Piano concerto in three movements by W. A. Mozart

Mozart's Piano Concerto No. 11 in F major, K. 413 (K. 387a in the sixth edition of the Köchel catalogue), was the second of the group of three early concertos he wrote when in Vienna, in the autumn of 1782 (according to the latest edition of the Köchel catalogue, K. 414 was written first). It was the first full concerto he wrote for the subscription concerts he gave in the city. The autograph is held by the Jagiellońska Library, Kraków with an additional, now incomplete, copy that Mozart brought to Salzburg in 1783, in the library of the Archabbey of St Peter's, Salzburg. The concerto is in the usual three movements:

It is scored for solo keyboard (piano or harpsichord), two oboes, two bassoons (second movement only), two horns and strings. The winds and brass do not play an important role throughout the concerto, and Mozart himself advertised an "a quattro" version, which is for string quartet and keyboard only, presumably for domestic use. As per 18th century performance practice a string orchestra could also have provided as a suitable option for the "quattro" accompaniment.

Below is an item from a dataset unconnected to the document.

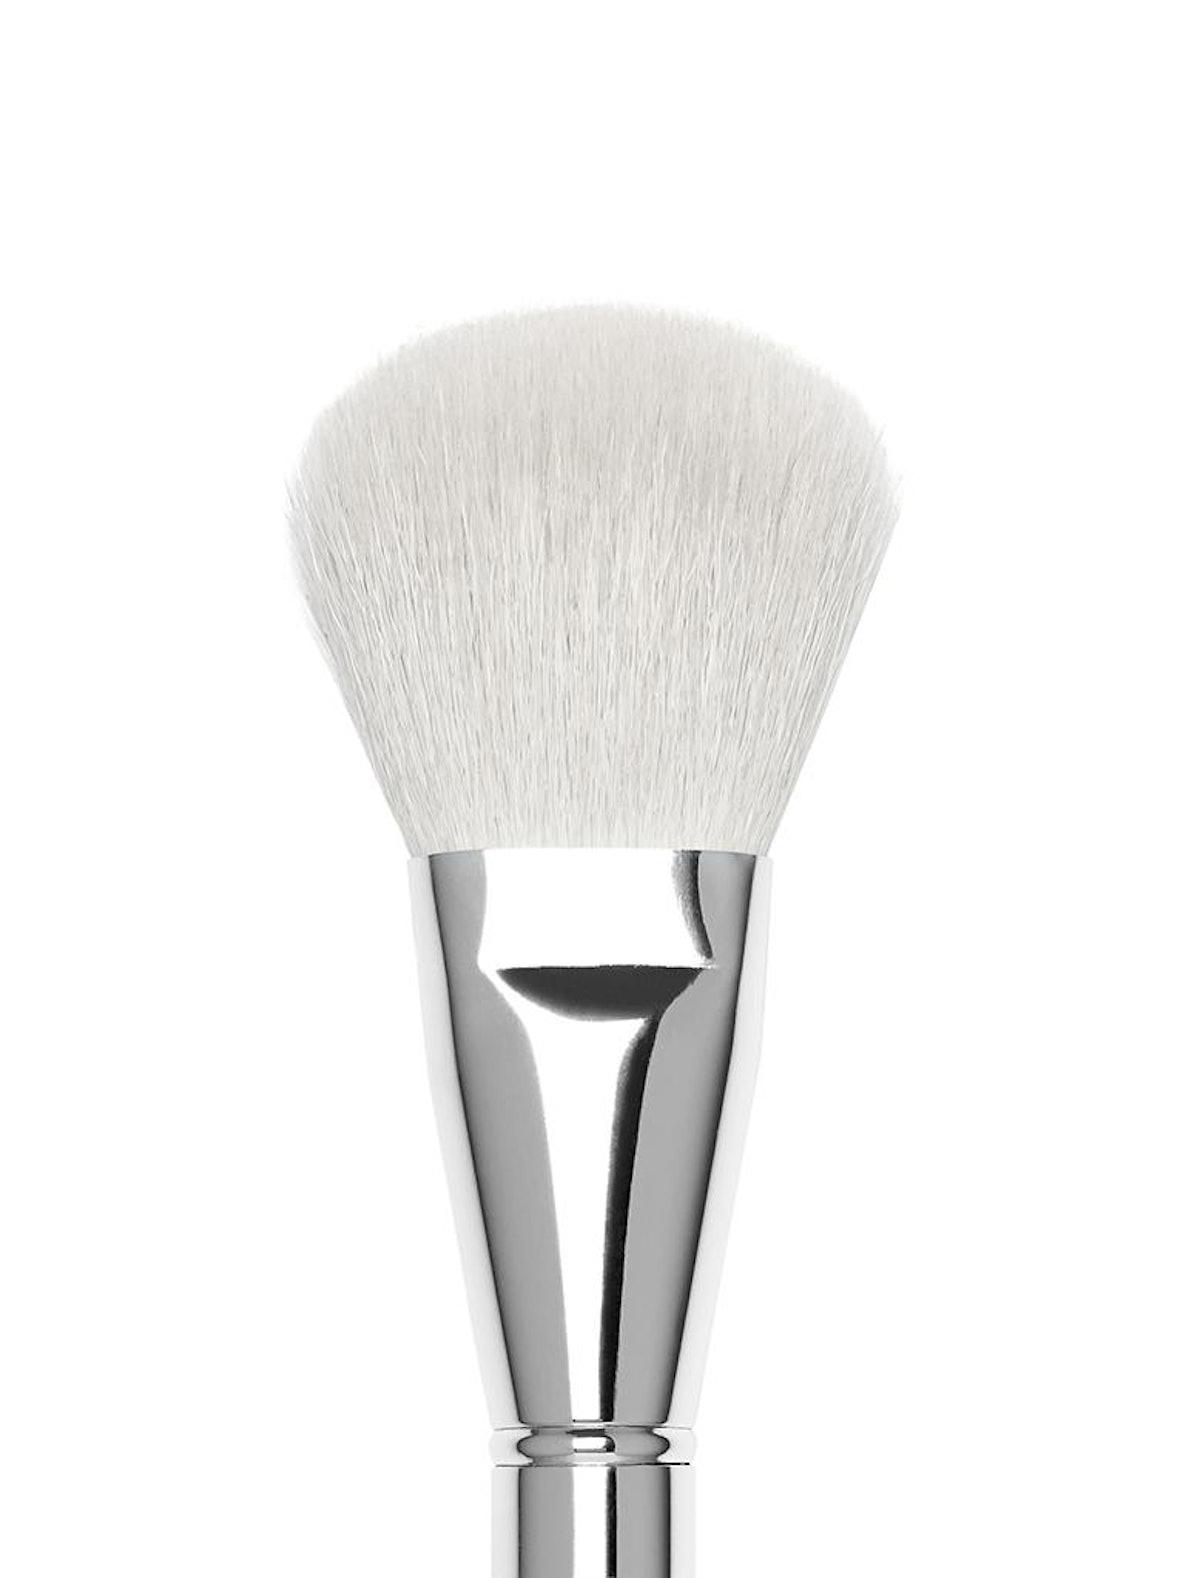 #1 Large Powder Brush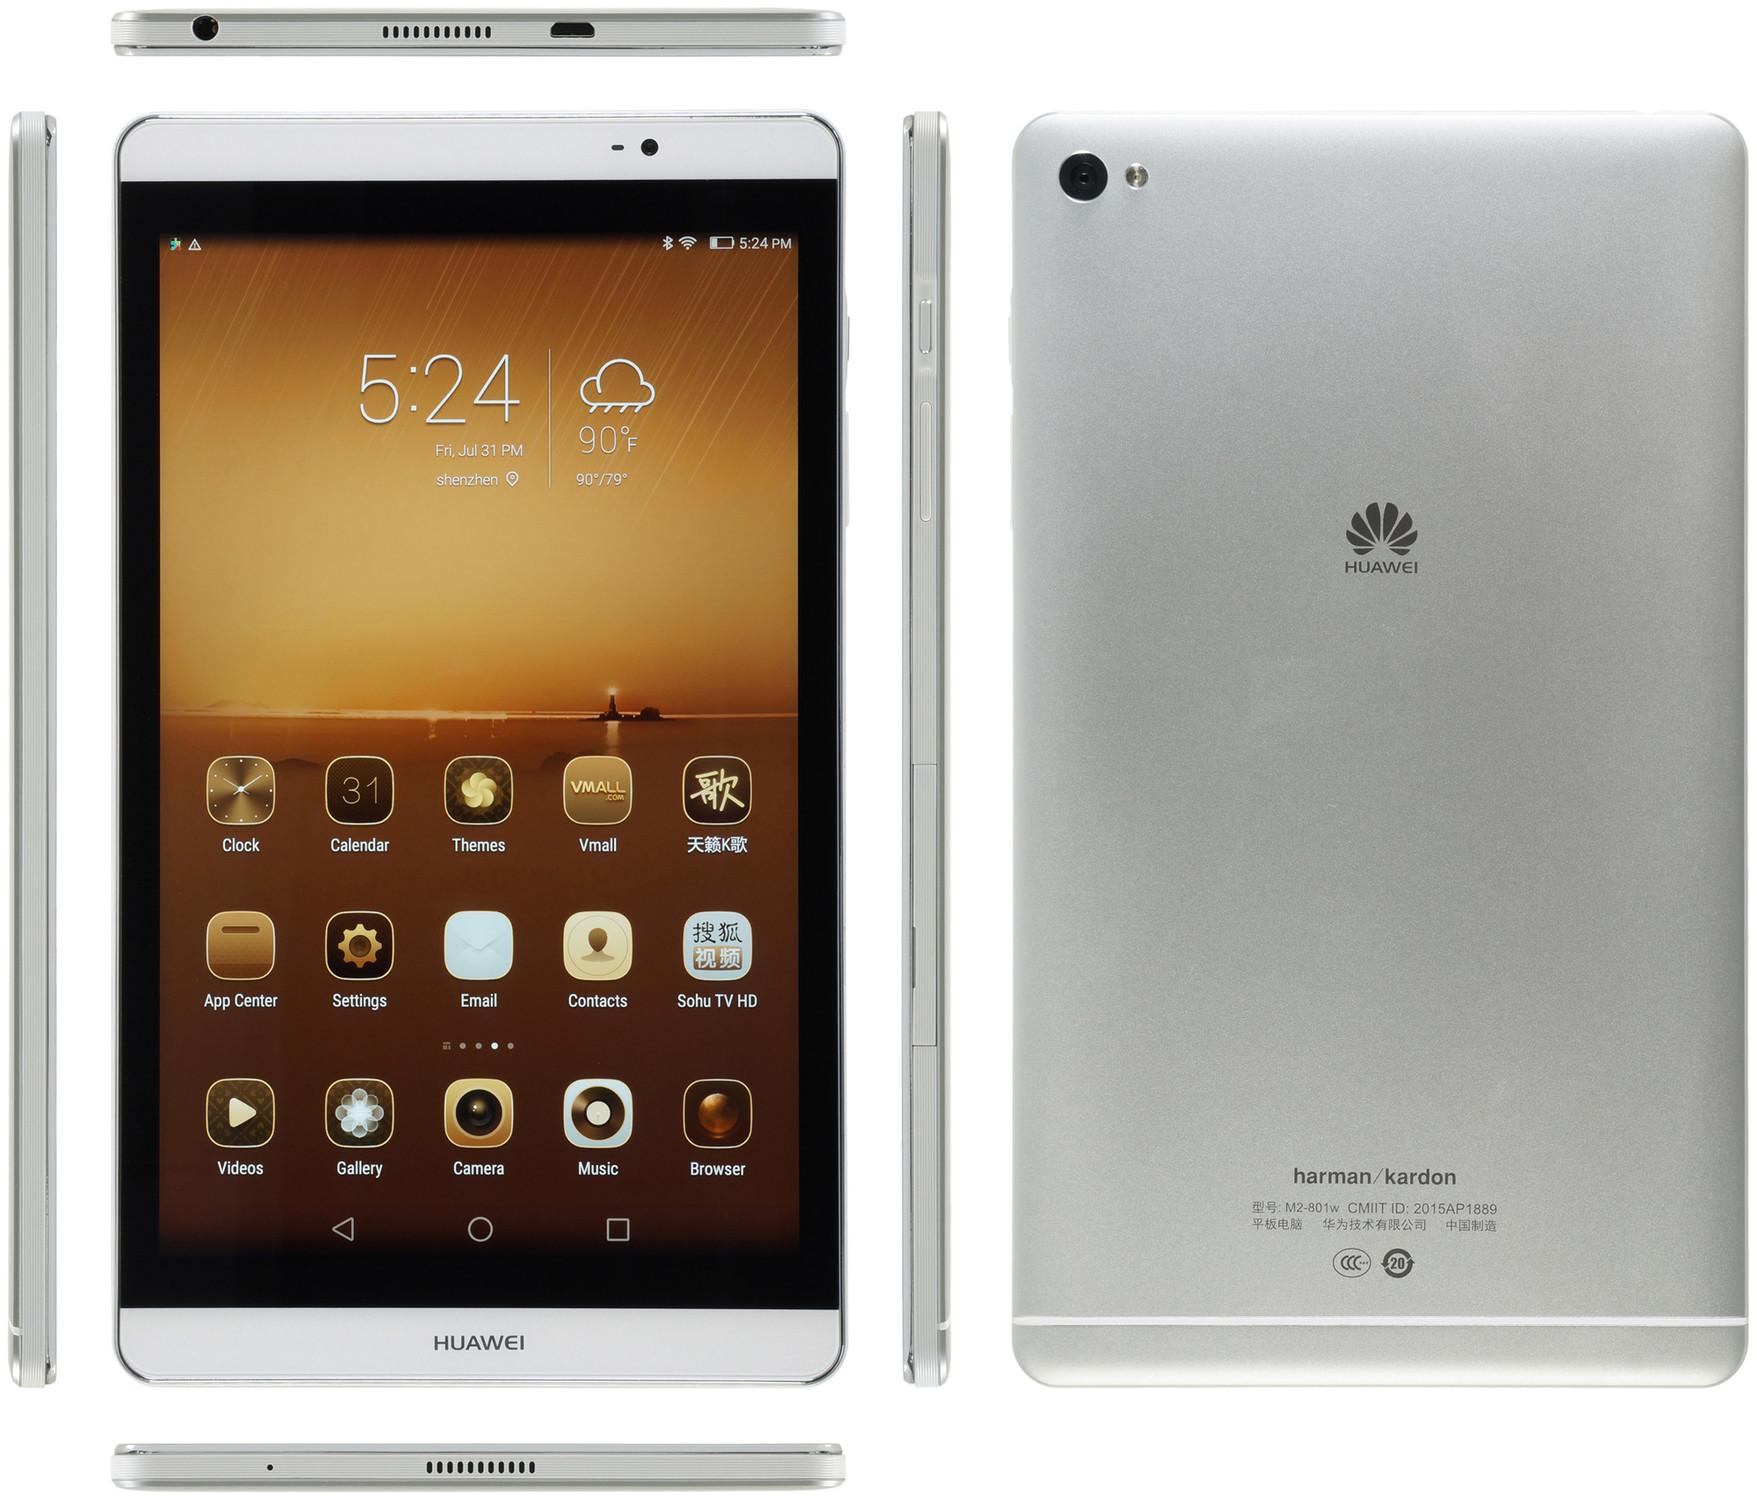 Huawei MediaPad M2-802L 4G 32GB - Specs and Price

The time signatures of the concerto are slightly unusual: Mozart wrote only three other keyboard concertos with first movements in 3/4 (Nos. 4, K. 41, 14, K. 449, and 24, K. 491). In the first movement, Mozart definitively modulates to the dominant, C major, when he introduces the second subject in the prelude before returning to F major 8 bars later; a scheme also followed in No. 14.

The second movement is in binary form.

The third movement, on the other hand, is unusual both in its minuet form, and in its variation of the normal rondo structure.